Как и договорились с Санджабом Сингхом, Игорь позвонил через неделю. Трубку снял охранник.

– Фирма съехала, – сообщил он.

Игорь понял: придётся остаться риэлтором.

8

Так и случилось, что Игорь оказался в только организованном Перовском отделении «Инвесткома». Если точно, «Корпорации «Инвестком-недвижимость». Недавний знакомый Полтавского, бывший частный предприниматель-риэлтор Лёня Трегубов, устроился там зав. отделом и пригласил Игоря к себе. Особого выбора не было и оттого Игорь Полтавский решил попытать счастья. «Инвестком» – не самый худший вариант. По крайней мере, реклама всегда на первой странице. И ещё: в других фирмах риэлторов называют агентами, а в «Инвесткоме» – экспертами. Вроде мелочь, практического значения это не имело никакого, однако приятно. Игорь знал, что глупо, но разве волен человек над своим мелким тщеславием? Тем более недавний директор.

Лёня Трегубов совсем недавно был Игорю подельником-конкурентом и товарищем, то ли по несчастью, то ли по афере. Они оба, Лёня как частный предприниматель, а Игорь от своего «Мегаполиса», заключили посреднический договор со строительной фирмой «Стройдекор-М», не то, чтобы однодневкой, но какой-то очень уж невнушительной фирмочкой.

Фирма эта, «Стройдекор М», занимала пару грязноватых комнат с цементным полом и ободранной мебелью, с картиной Матроны московской и дешёвыми иконами на стенах в хозяйственном блоке Московского областного научно-исследовательского клинического института (МОНИКИ). Кроме гендиректора Людмилы Яковлевны Мищенко, с виду простоватой и никак не тянувшей на гендиректора солидной строительной фирмы, в этих двух комнатах находились ещё бухгалтер, солидного вида крупная женщина с распятием на шее (она всегда сидела молча и слушала или читала Евангелие; ни компьютера, ни одной бумаги, ни даже, похоже, собственного стола у неё не было), и странного вида бородатый мужчина в скуфейке. Иногда возле него лежал добродушный пёс.

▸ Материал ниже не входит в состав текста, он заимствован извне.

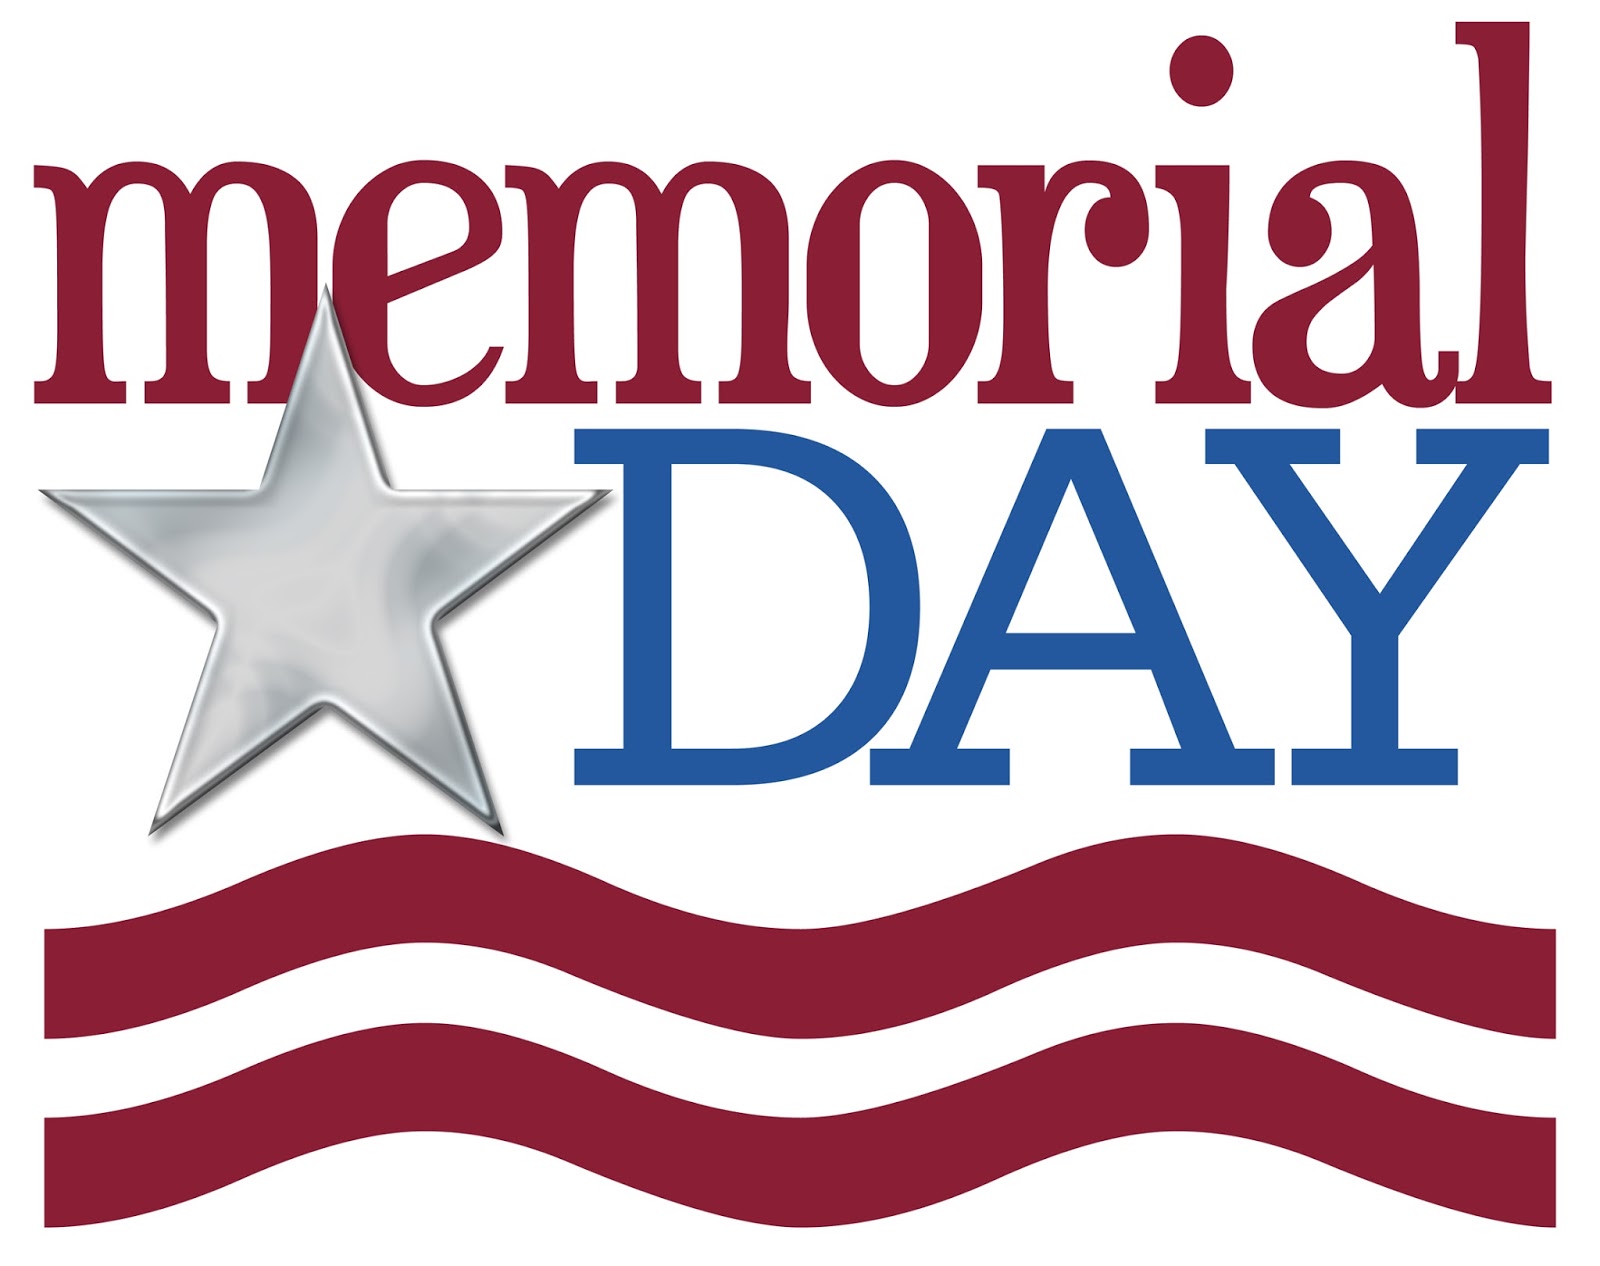 990 Memorial Day free clipart.

Стол самой Людмилы Яковлевны, в отличие от главного бухгалтера, всегда был завален бумагами, договорами, разными планами и духовными книгами, но всё это находилось в таком беспорядке, что ничего найти там было совершенно невозможно.

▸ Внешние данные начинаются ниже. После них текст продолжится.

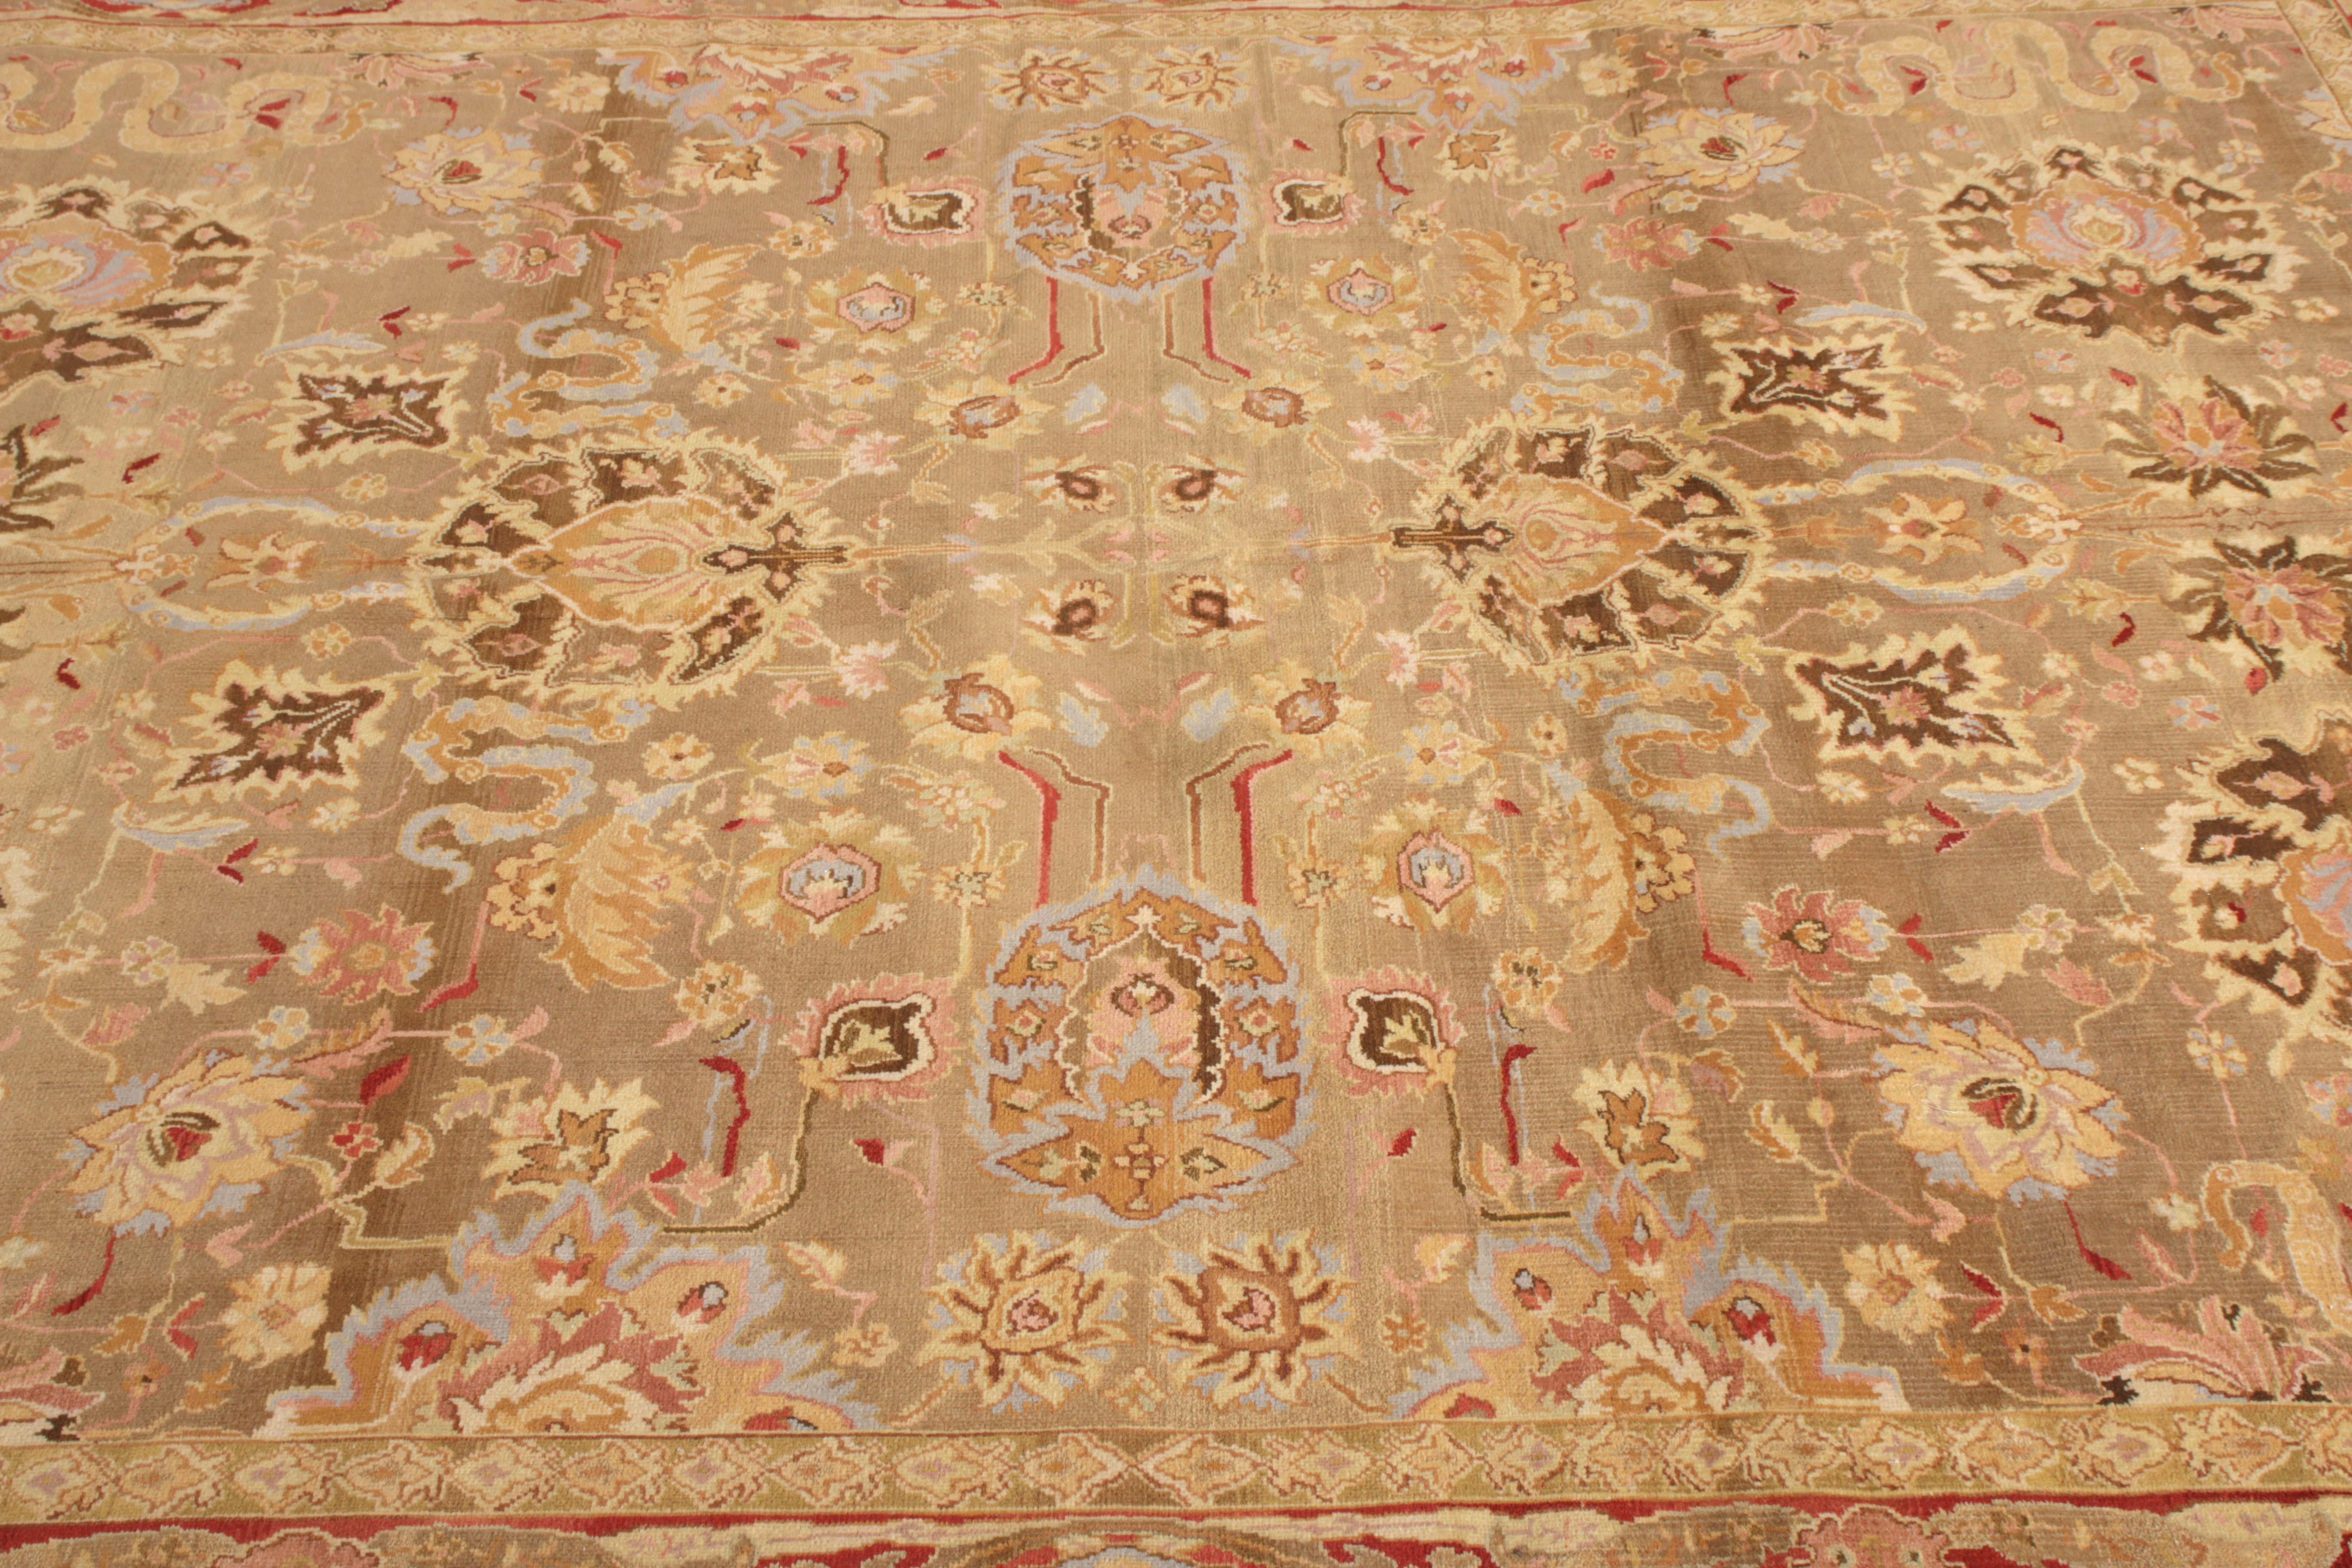 Chinese Rug & Kilim's Hand Knotted Tabriz Style Rug Beige Red Persian Floral Pattern

Квартир, которые по договору требовалось продавать, пока не существовало в природе, их только предстояло построить в результате перепланировки общежития в Солнцево. Имелся лишь договор, подписанный Мищенко с Институтом и завизированный сразу тремя областными министрами – строительства, имущественных отношений и здравоохранения – о выселении и реконструкции институтского общежития. Между тем, дело представлялось исключительно заманчивым: Мищенко продавала будущие квартиры баснословно дёшево, на посредничестве можно было здорово поживиться. Игорь сначала сомневался: подписи подписями и печати печатями, но к Мищенко доверия у него не возникло никакого, всё вроде правдоподобно и вместе с тем похоже на аферу, многие нужные бумаги отсутствовали, но устоять перед соблазном он не смог – никто бы не устоял, потому что светили очень хорошие деньги, а он ни за что не отвечал. В задачу «Мегаполиса» входило всего лишь найти покупателей и привести к Мищенко.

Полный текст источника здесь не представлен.